圧延機では2本のワークロール間に製品を通す。ワークロール間の間隙は上流側での製品の厚さ以下である。ロール間ギャップで生じる摩擦によって金属の流れが生じ、ロール出口ではロール間ギャップにほぼ対応する厚さになる。この操作中に金属構造が変化し、製品の硬度は上がる。
そのため、修正値が調整できる複雑なシステムがここ数年前から開発されている。
上記システムでは2つのワークロールのチョックを互いに接近させて製品の端縁の過剰な厚さを補償するいわゆる負の曲げを行ったり、2本のワークロールのチョックを互いに離して製品の中心部分の過剰な厚さを補償する正の曲げを行うことができる。
さらに、この中間ロールを用いることによってより直径の小さいワークロールを使用でき、同じ厚さの低減率に要する圧延力を小さくすることができるという利点もある。
また、製品の幅方向の応力分布をより良く制御するために、四段圧延機のワークロールおよび/または六段圧延機のワークロールを軸線方向に互いに反対方向へ移動させることもできる。
「C.V.C」として知られる別のシステムでは、四段圧延機および/または六段圧延機のワークロールに補助カーブ(curvilignes complementaires)プロフィルを付ける。

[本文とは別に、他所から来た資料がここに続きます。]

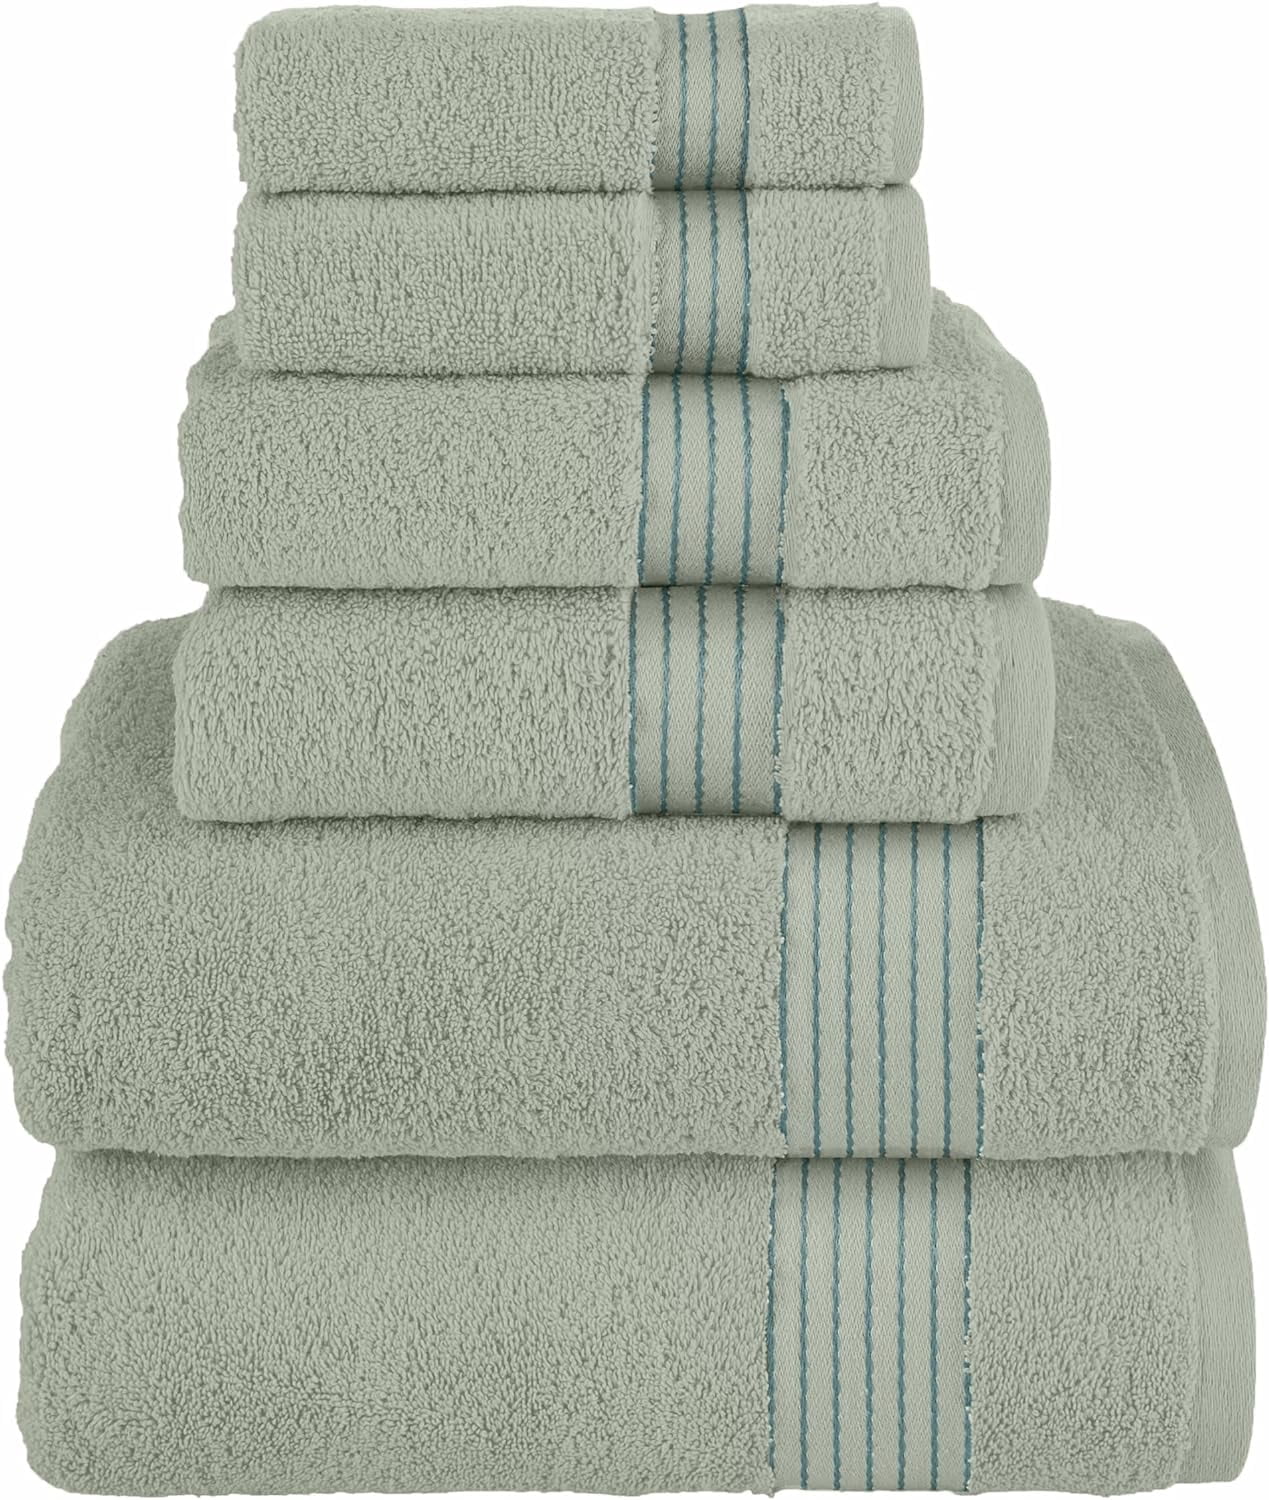 COZYART Sage Green Bath Towels Set for Bathroom Turkish Cotton Thick Soft  Absorbent Durable 650 GSM Towel Set of 6, 2 Large Bath Towels, 2 Hand

このプロフィルによってロールが軸線方向移動すると上ロールと下ロールとの間のクラウンを変えることができる。
最近では、接触母線に沿って圧力分布を変化させることができる一連のシリンダーを介して固定シャフトに支持され、このシャフトを中心に回転するスリーブを有するロールを用いて圧延力を伝えて、ワークロールまたは中間ロールと接触する母線に沿った圧延力を変える方法が提案されている。
この装置およびここ数年間に開発されたその他の改良装置を用いることによって、冷間圧延機、特にタンデム圧延機において、最終製品の品質は絶えず改良されている。
しかも、圧延プロセスでは2つのワークロール間で金属が流動するため、ワークロールの直径、回転トルクおよびより一般的には圧延力が加えられる手段を製品の機械的、冶金学的および寸法的特性に合せる必要がある。
そのため、これまでは特性が大幅に制限された製品レンジ用に設計された設備を大量生産の場合にも使用する必要があると考えられてきた。実際、自動車用鋼板と容器用鋼の2つの鋼のファミリーのためだけに年間百万トンを超える極めて大型の設備が作られてきた。
特に、自動車工業では高い性能が得られる極めて精密なグレードの鋼を使用する傾向にある。例えば、自動車用鋼板では、降伏強度が150MPa〜250MPaのいわゆるCQ、DQ、DDQ、EDDQとよばれる鋼グレードや最大降伏強度が600MPaの超高炭素鋼(HSLA)が次々と出てきている一方、降伏強度が160MPaの超低炭素鋼(IF)に対する需要もある。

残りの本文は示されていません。